We have all received the news by now--"School is closed for the remainder of the year.” If you haven’t already heard these unprecedented, shocking and heartbreaking words yet, I am sure they are coming to a newsfeed, timeline, text message, robocall, near you soon. On my timeline and IG feed, I have seen emotions going through all of the phases of mourning.
Stage 1: DESPERATE FOR ANSWERS.
Parents, teachers, and students alike are all looking for answers and solutions as to what we should do during this time of our lives being interrupted. I have even called many of my well-respected friends and asked them, “Is it time for me to panic yet?” This invisible bullet is so hard to understand and so hard to wrap our heads around that even I am in search of answers every day or at least some hint of answers...will we really be allowed to go back to school in August? What will summer look like? Will we have virtual camps? What about the graduates? Should we just forget about it all?
Stage 2: DENIAL
I found myself still mentally preparing for going back to school after this week’s spring break ends. I have been postponing my need to grieve the school closings with a hope that we will be returning to life as we once knew it. I have just begun receiving messages and calls from parents three weeks after the school closures who have just let it sink in that we will not be returning.

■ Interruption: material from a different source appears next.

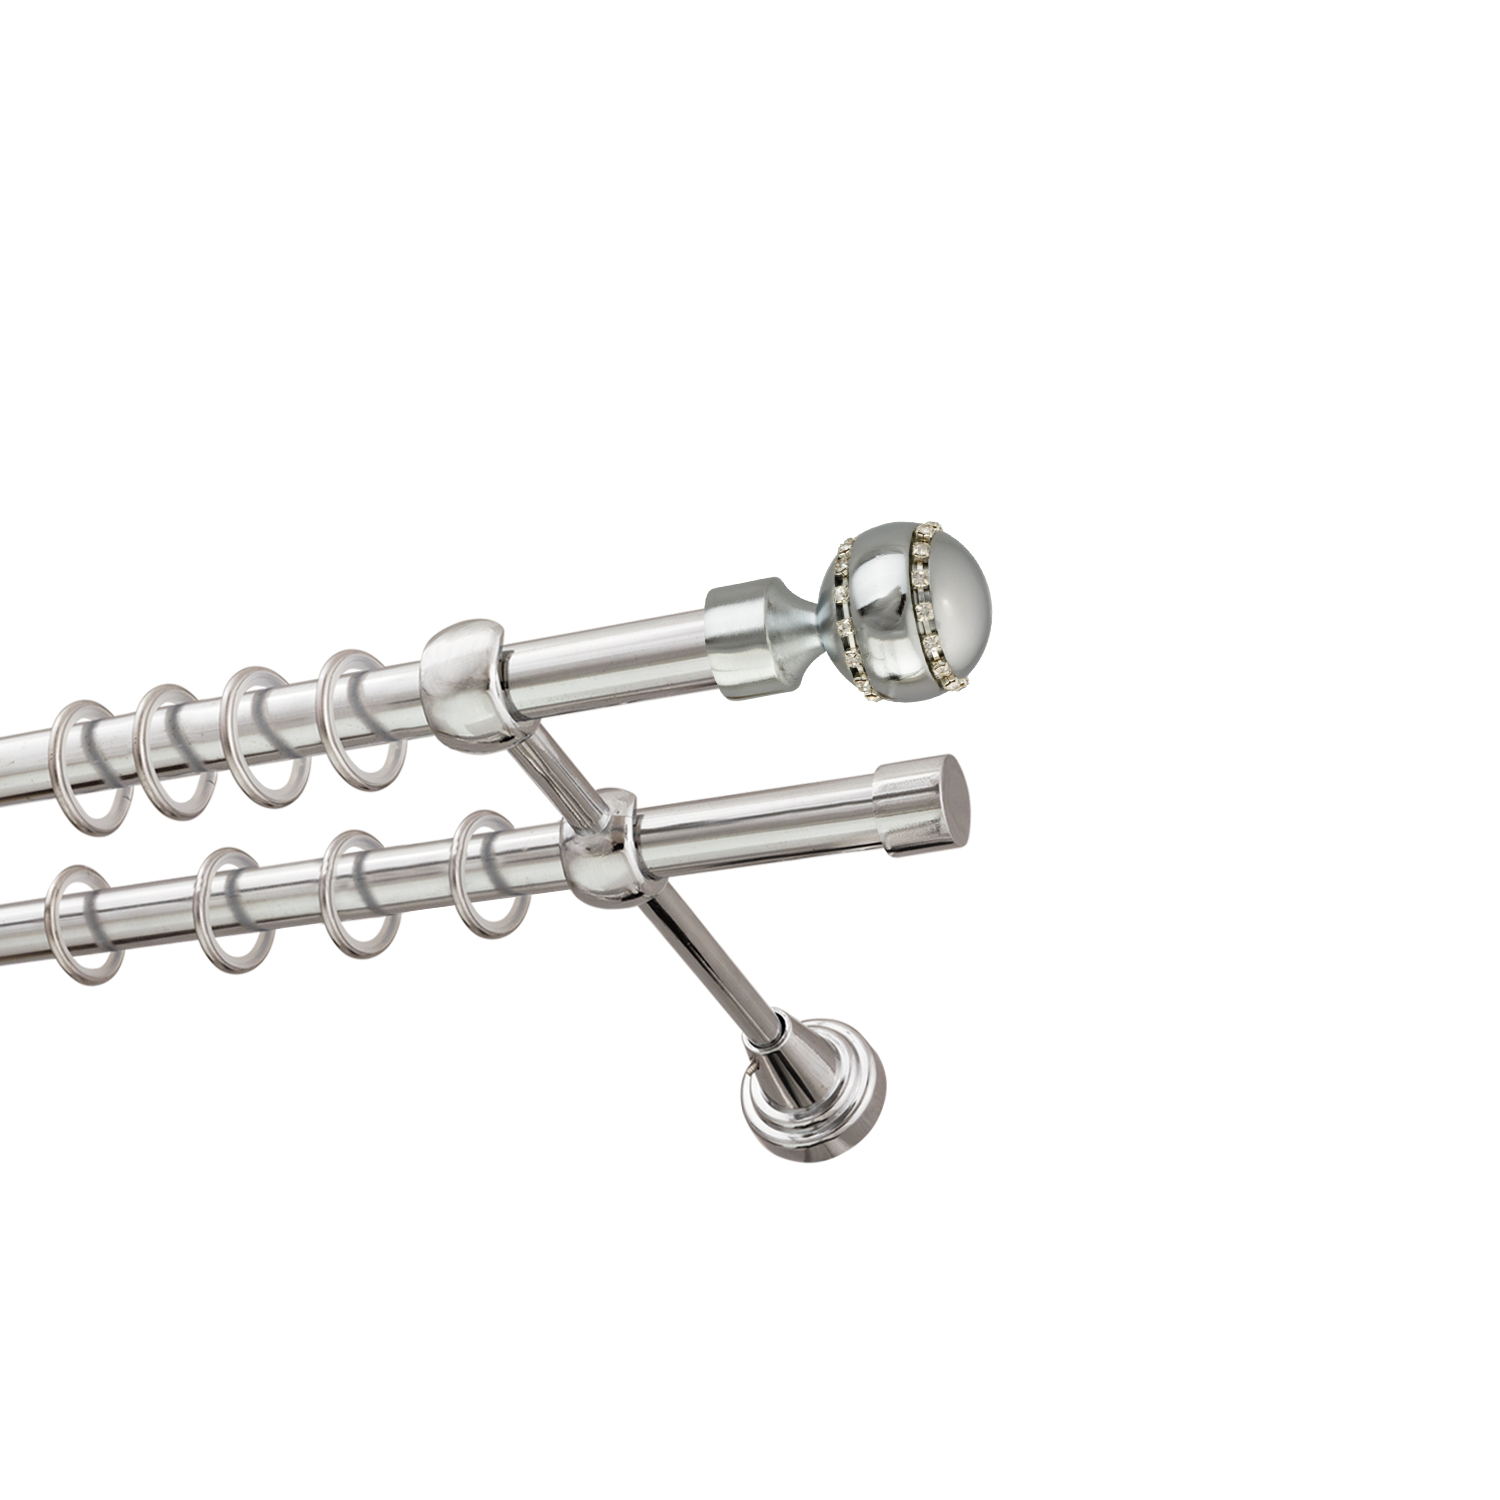 Металлический карниз для штор Модерн, двухрядный 16/16 мм, серебро, гладкая штанга, длина 300 см - фото Wikidecor.ru
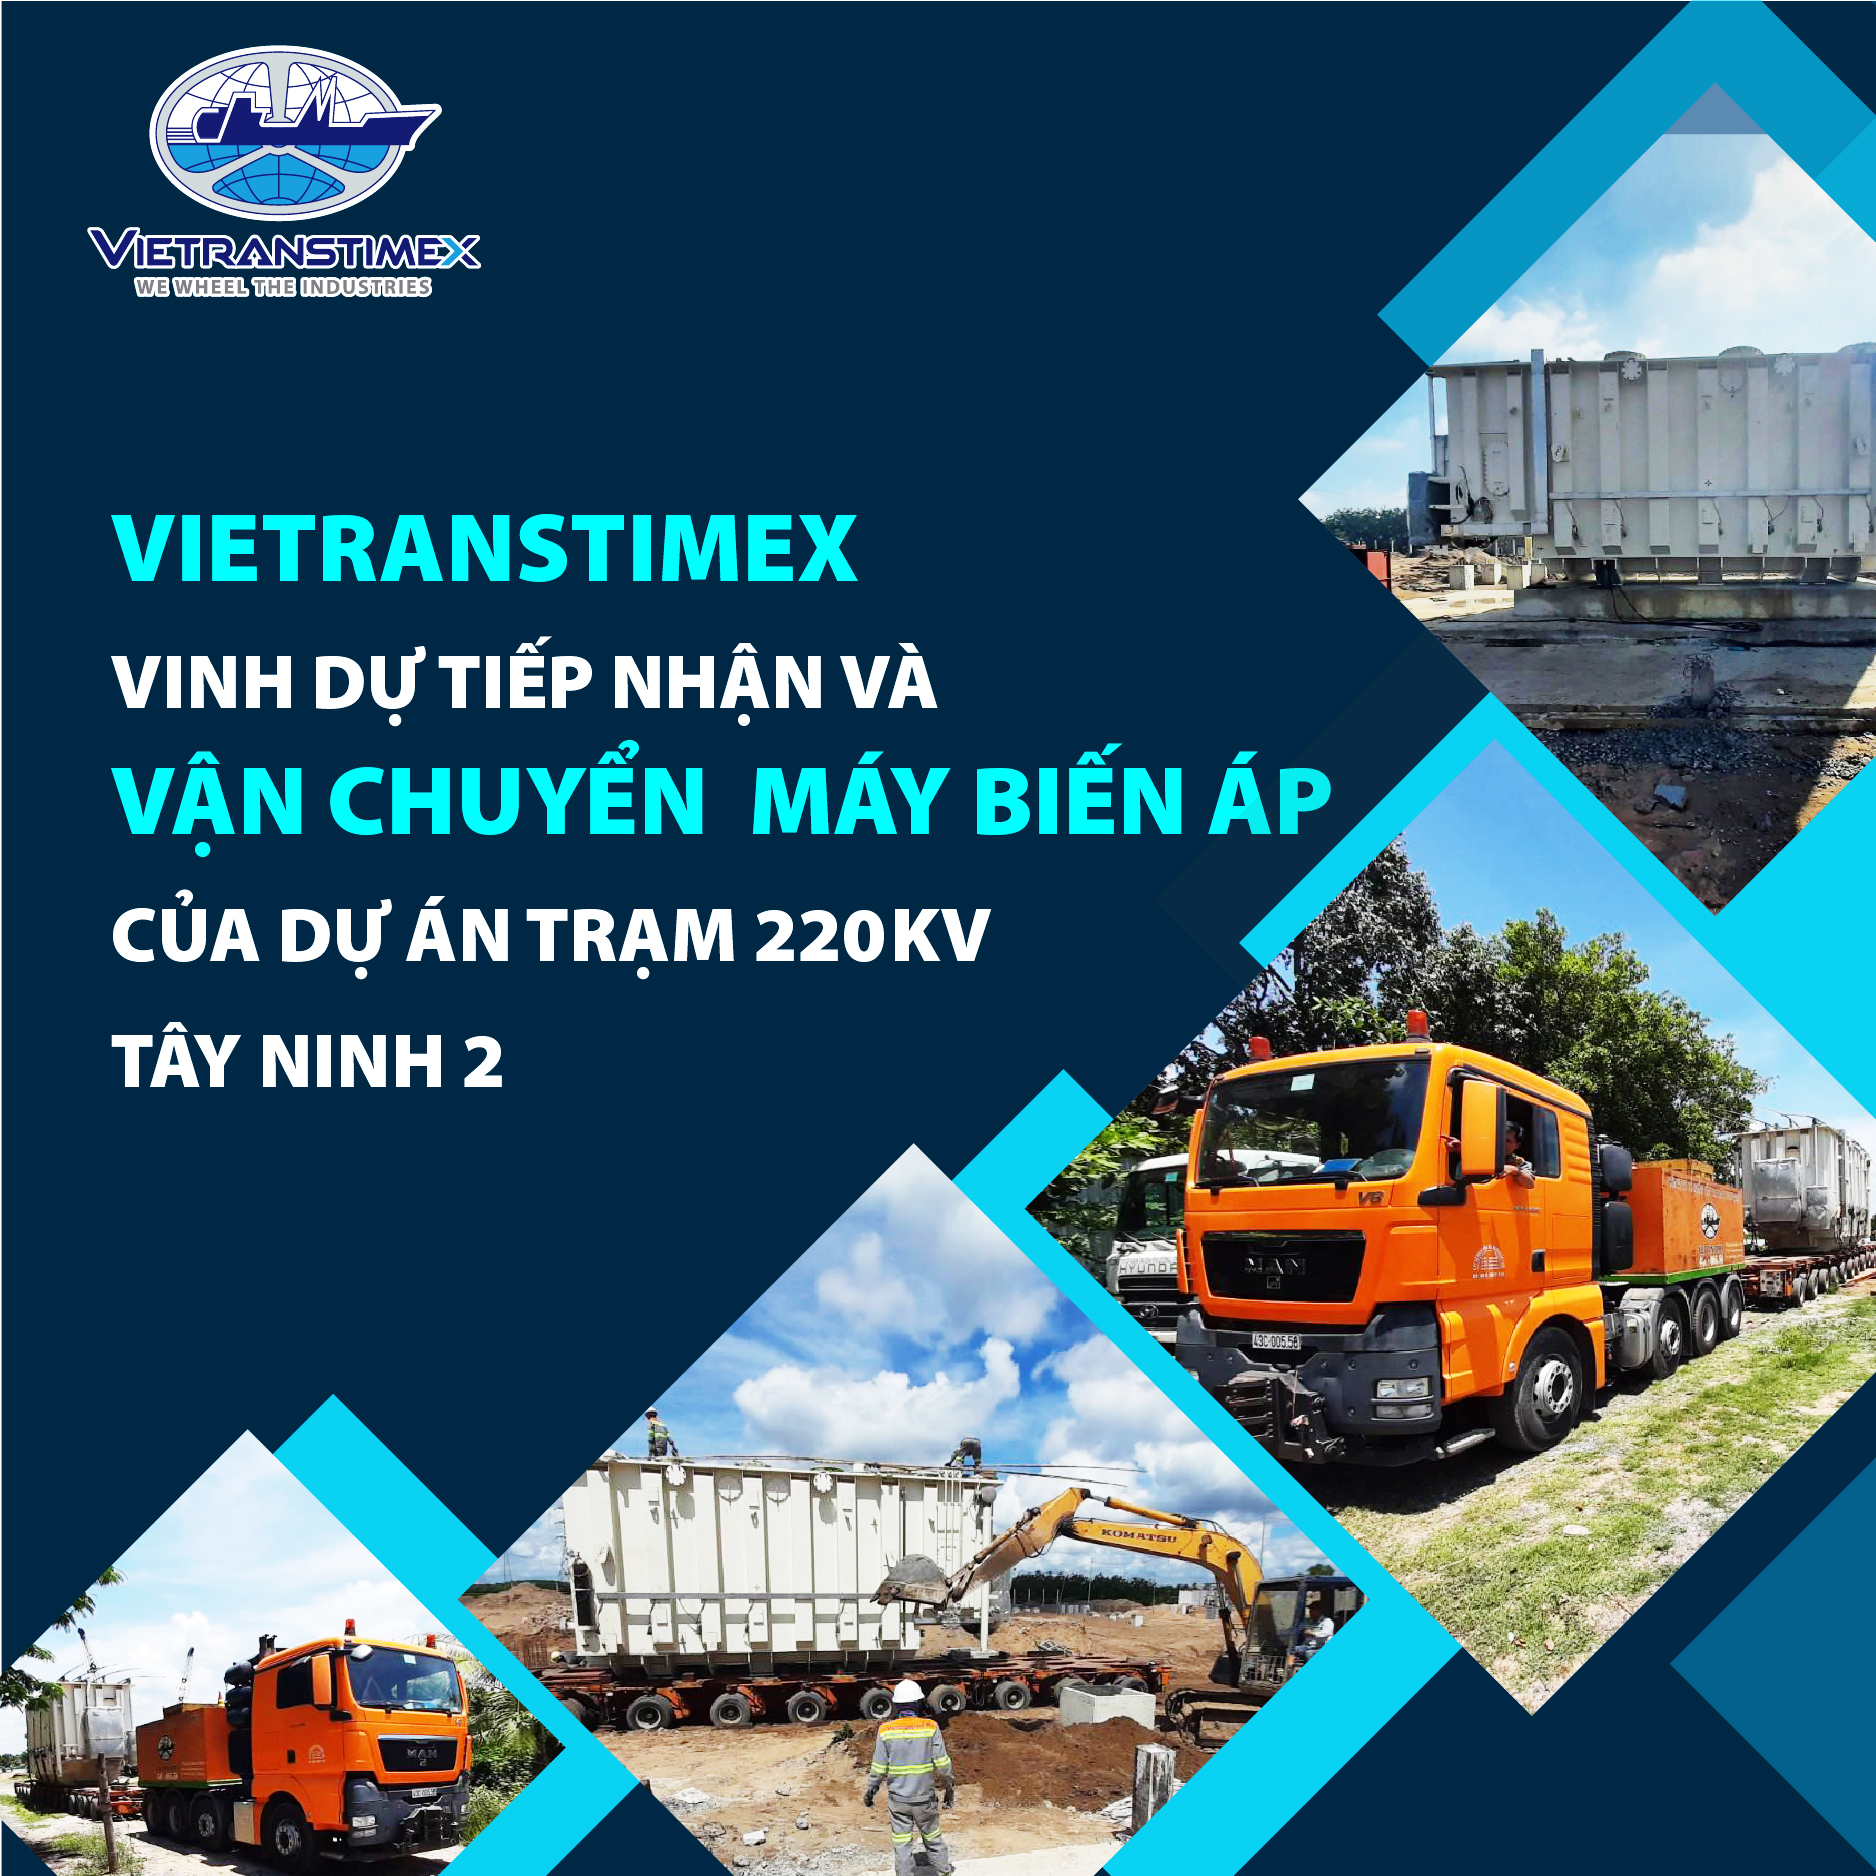 Vietranstimex vinh dự tiếp nhận và vận chuyển  máy biến áp của dự án trạm 220 kV Tây Ninh 2

Stages 3 and 4: BARGAINING AND ANGER
These two have kind of come in a comical form since it is primarily coming from the parents’ side. We have all seen the memes and videos of parents asking the teachers to come and get “their” kids. We are all angry and disappointed that we are not able to leave our homes, to go to our schools, go to restaurants, churches, sporting events, etc. I know that there are some people who are angry that their graduation or milestone year will not be celebrated in the way that they had hoped. I give you permission to express this frustration and anger. This is not by any means a normal situation and it is okay to be angry about it. Just remember: this too shall pass. We will be able to celebrate again. Get creative! Celebrate and connect; live in the present. Zoom parties are really and truly a real thing now!
Stage 5: REDIRECTED HOPE
I am praying that this is the stage that we are all currently approaching or are in...there are so many reasons that we can be hopeful. We are not in this alone. Reach out and connect with people who are in your circle. FaceTime them; the face to face will give you life! Find something to be grateful for, begin a gratitude journal; start with the little things. I know that I am realizing things that I have taken for granted; but I am also noticing things that I am grateful for right here in my own home that have been overlooked. There is ALWAYS, ALWAYS, ALWAYS, something to be grateful for!!!!